[Opening GIVEN DATA section]

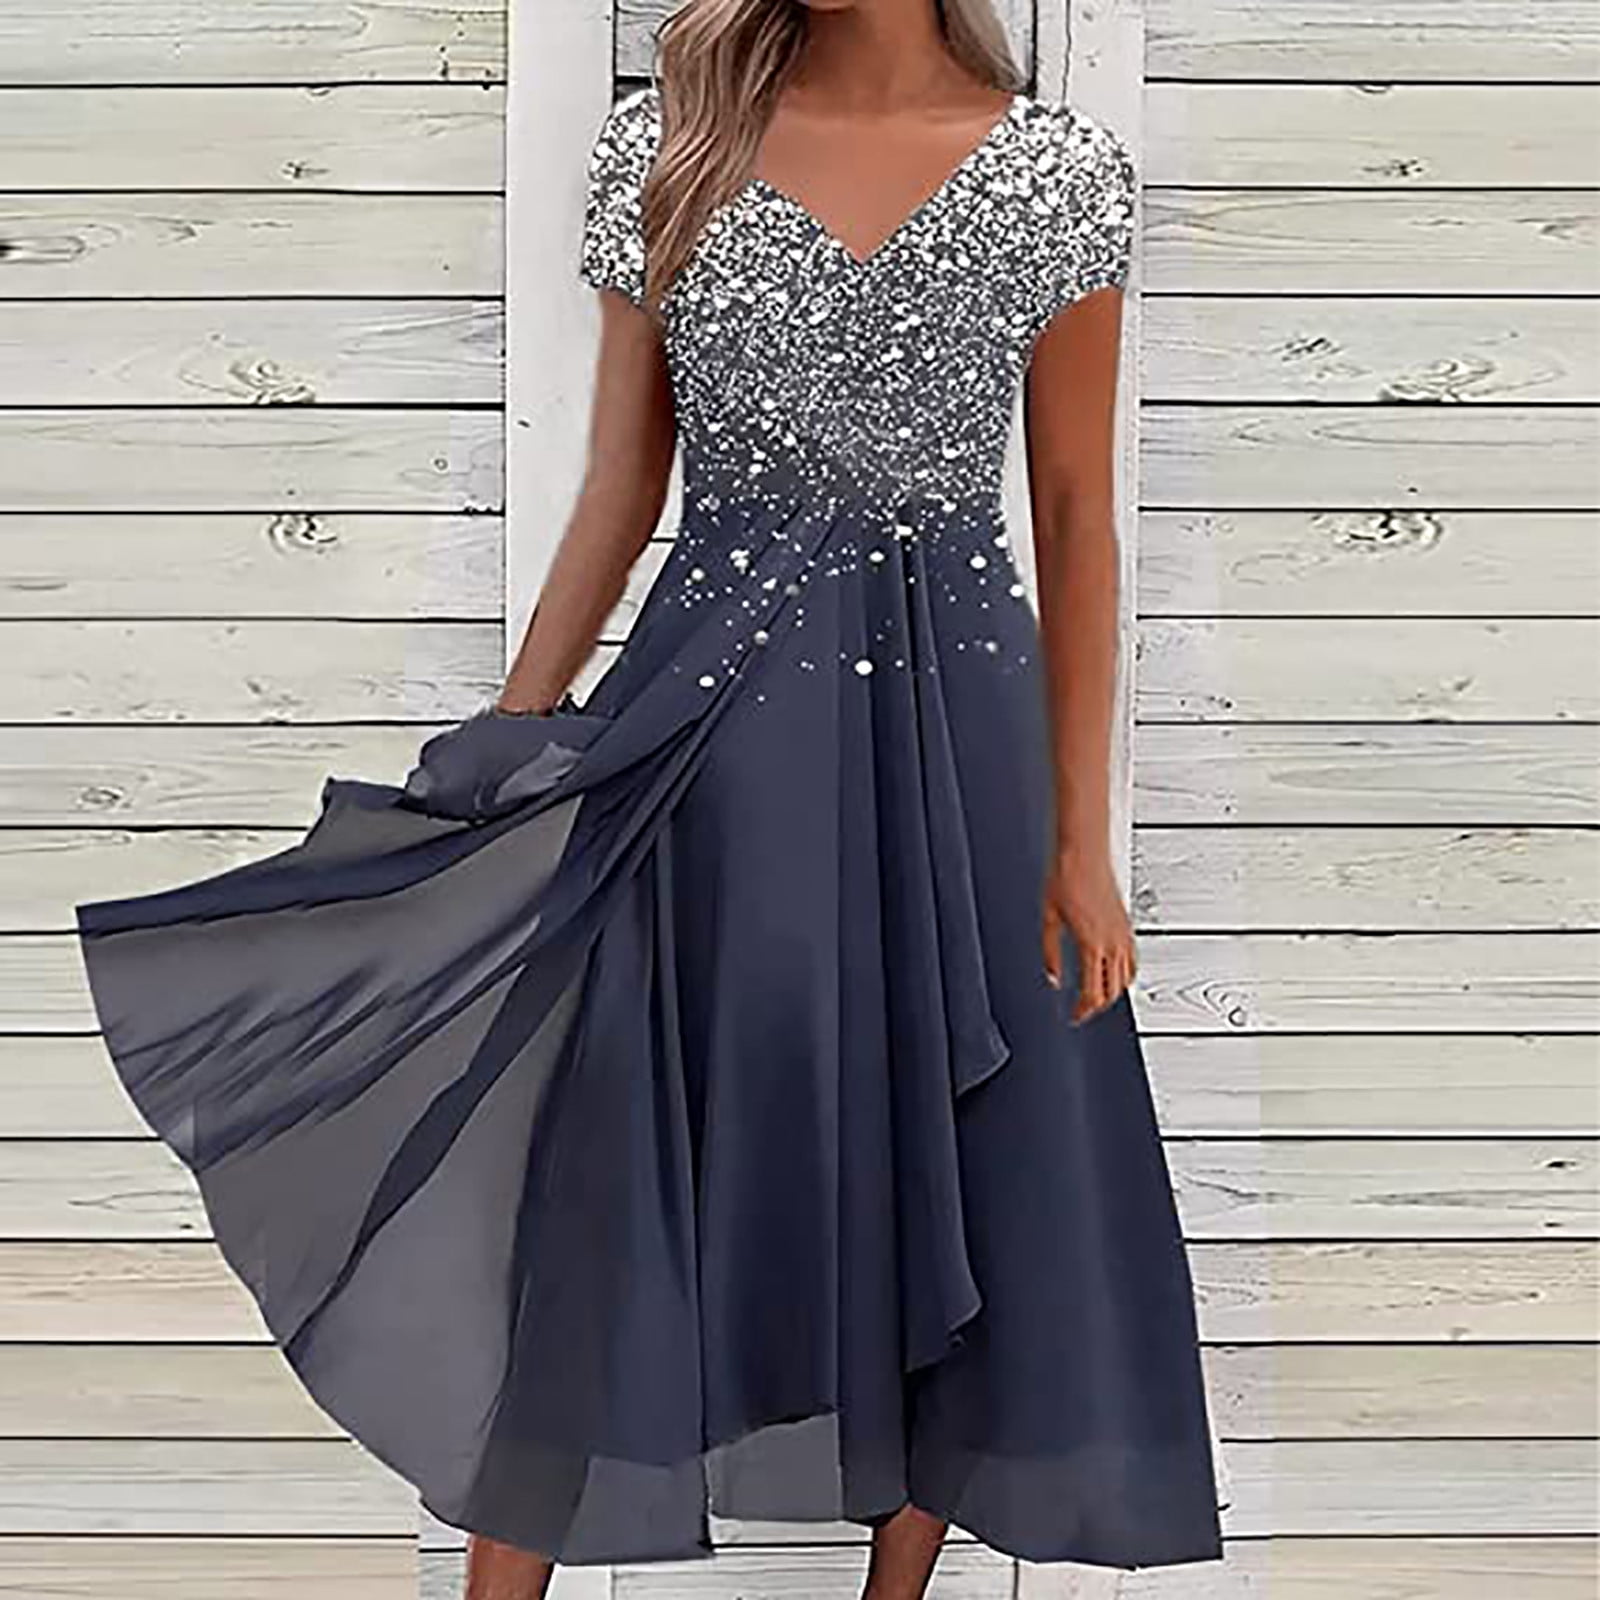 Elegant Short Dresses For Mother Of The Bride Sale Online ...
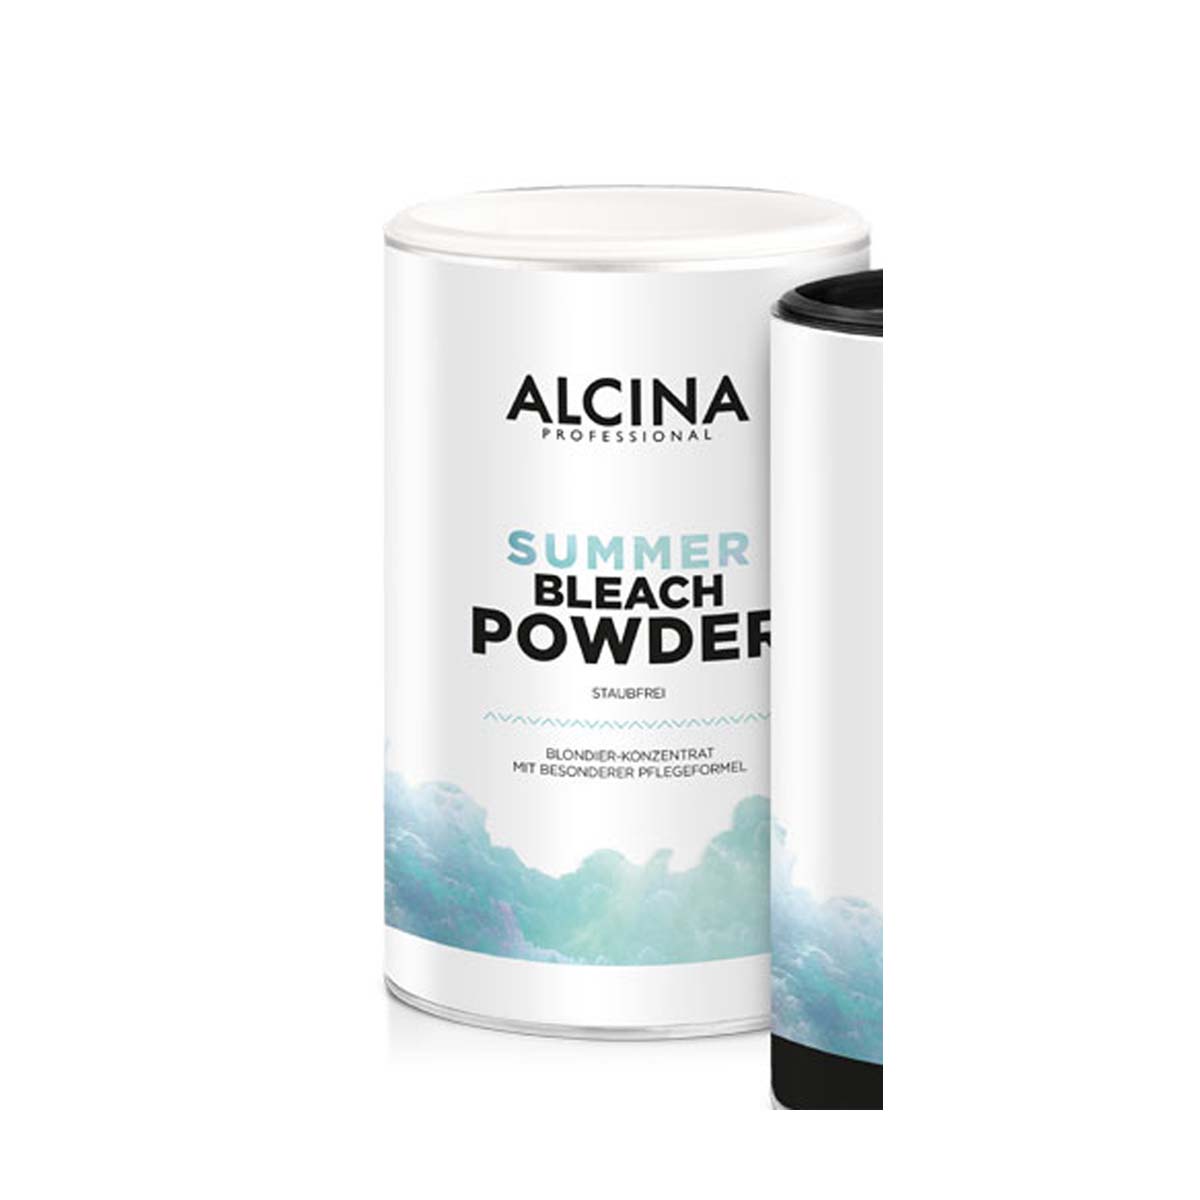 Alcina Summer Bleach Powder - Blondierung 500 g
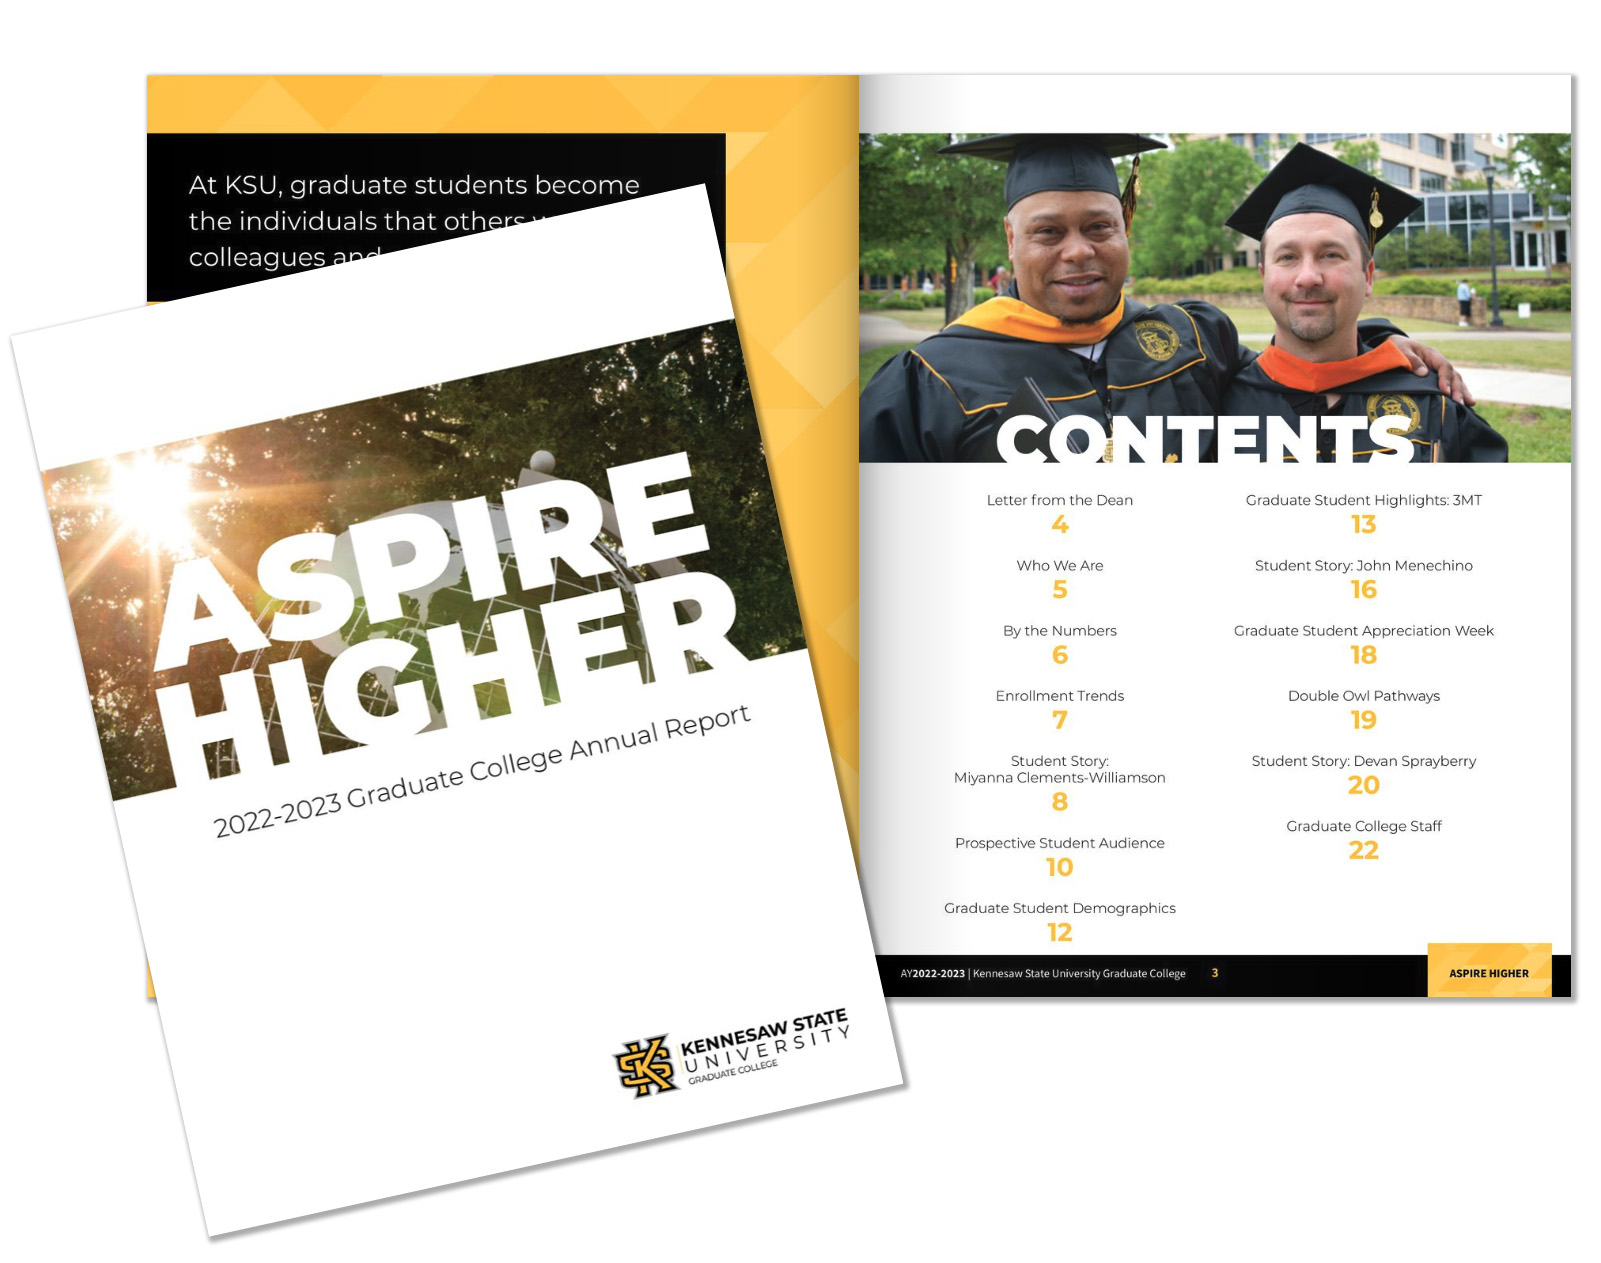 Aspire Higher Graduate College Annual Report
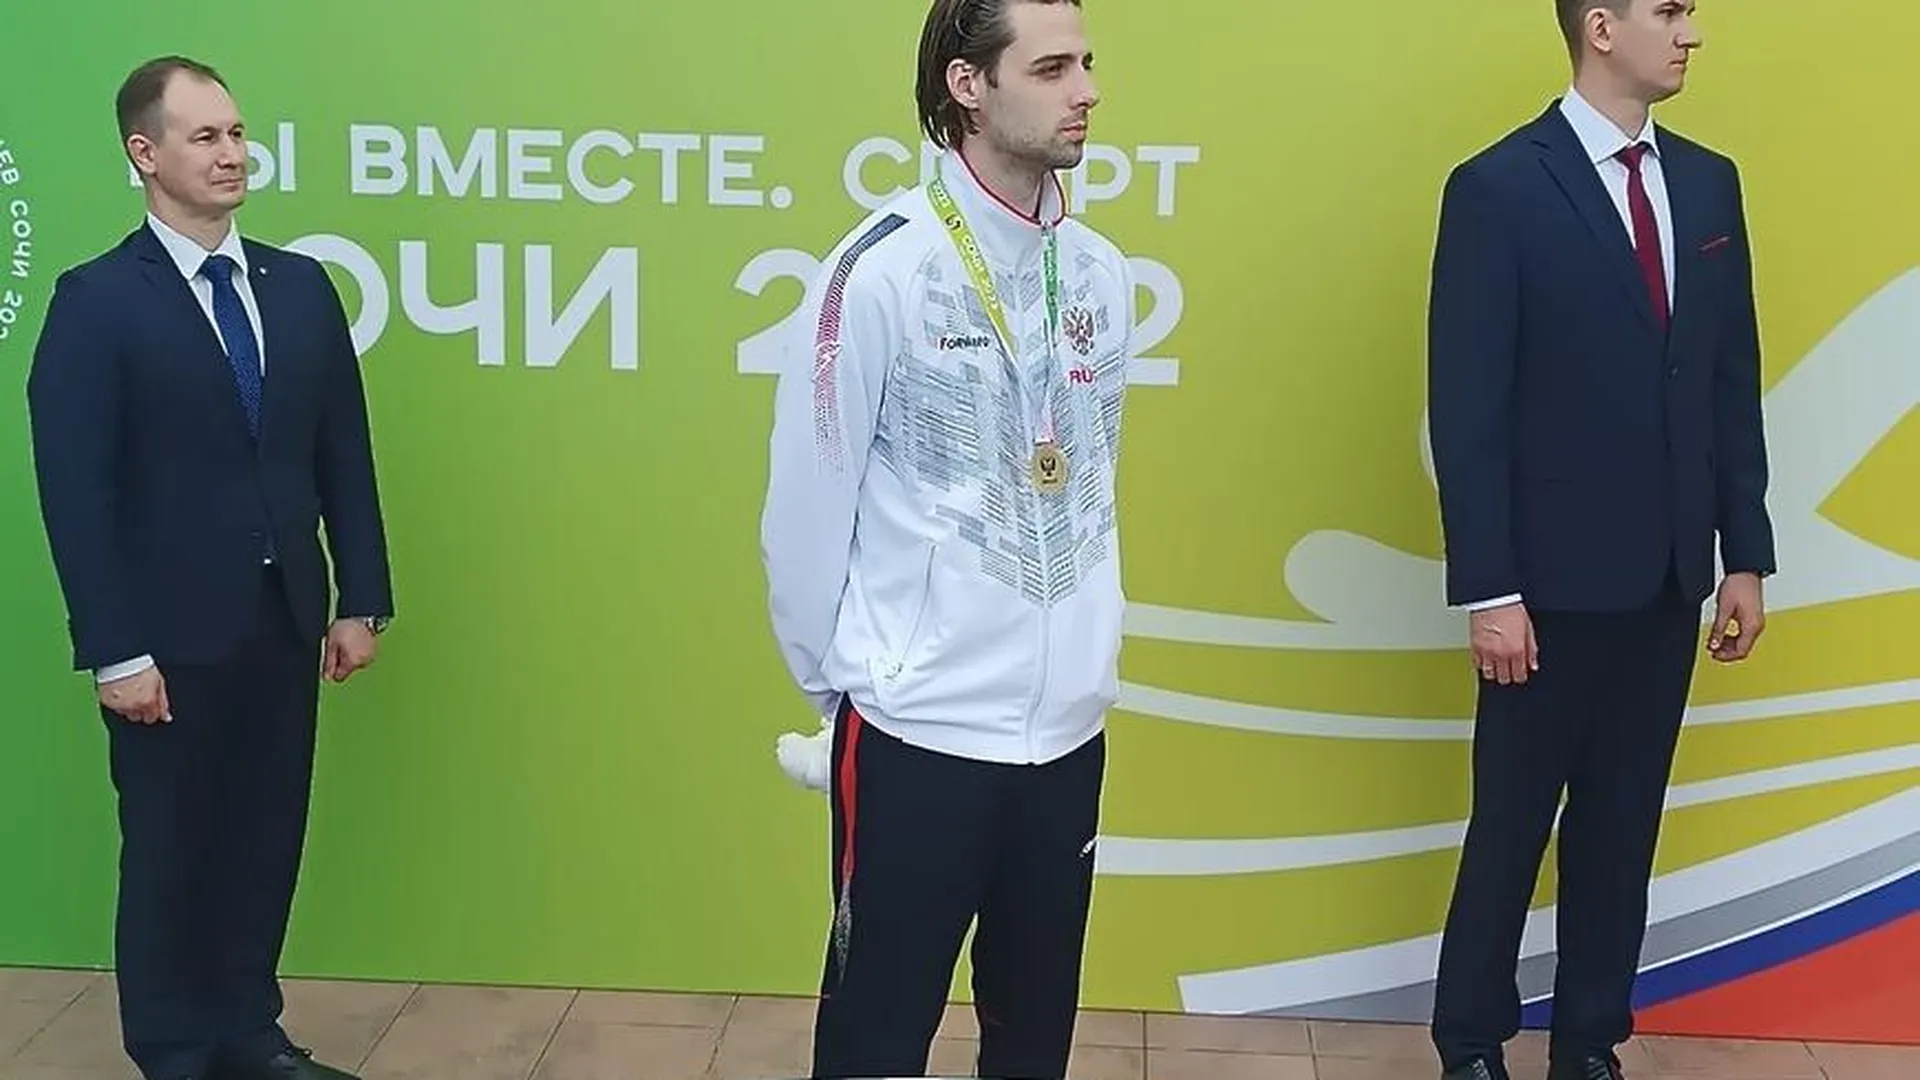 Комплект медалей завоевал спортсмен из Балашихи на играх паралимпийцев «Мы вместе. Спорт»

[Closing GIVEN DATA section]

TASK:
Retype the data word for word and keep the pictures out of it.

REPLY TO THE EXERCISE:
 Elegant Short Dresses For Mother Of The Bride Sale Online ...
 Alcina Summer Bleach Powder - Blondierung 500 g
 Aspire Higher Graduate College Annual Report
 Комплект медалей завоевал спортсмен из Балашихи на играх паралимпийцев «Мы вместе. Спорт»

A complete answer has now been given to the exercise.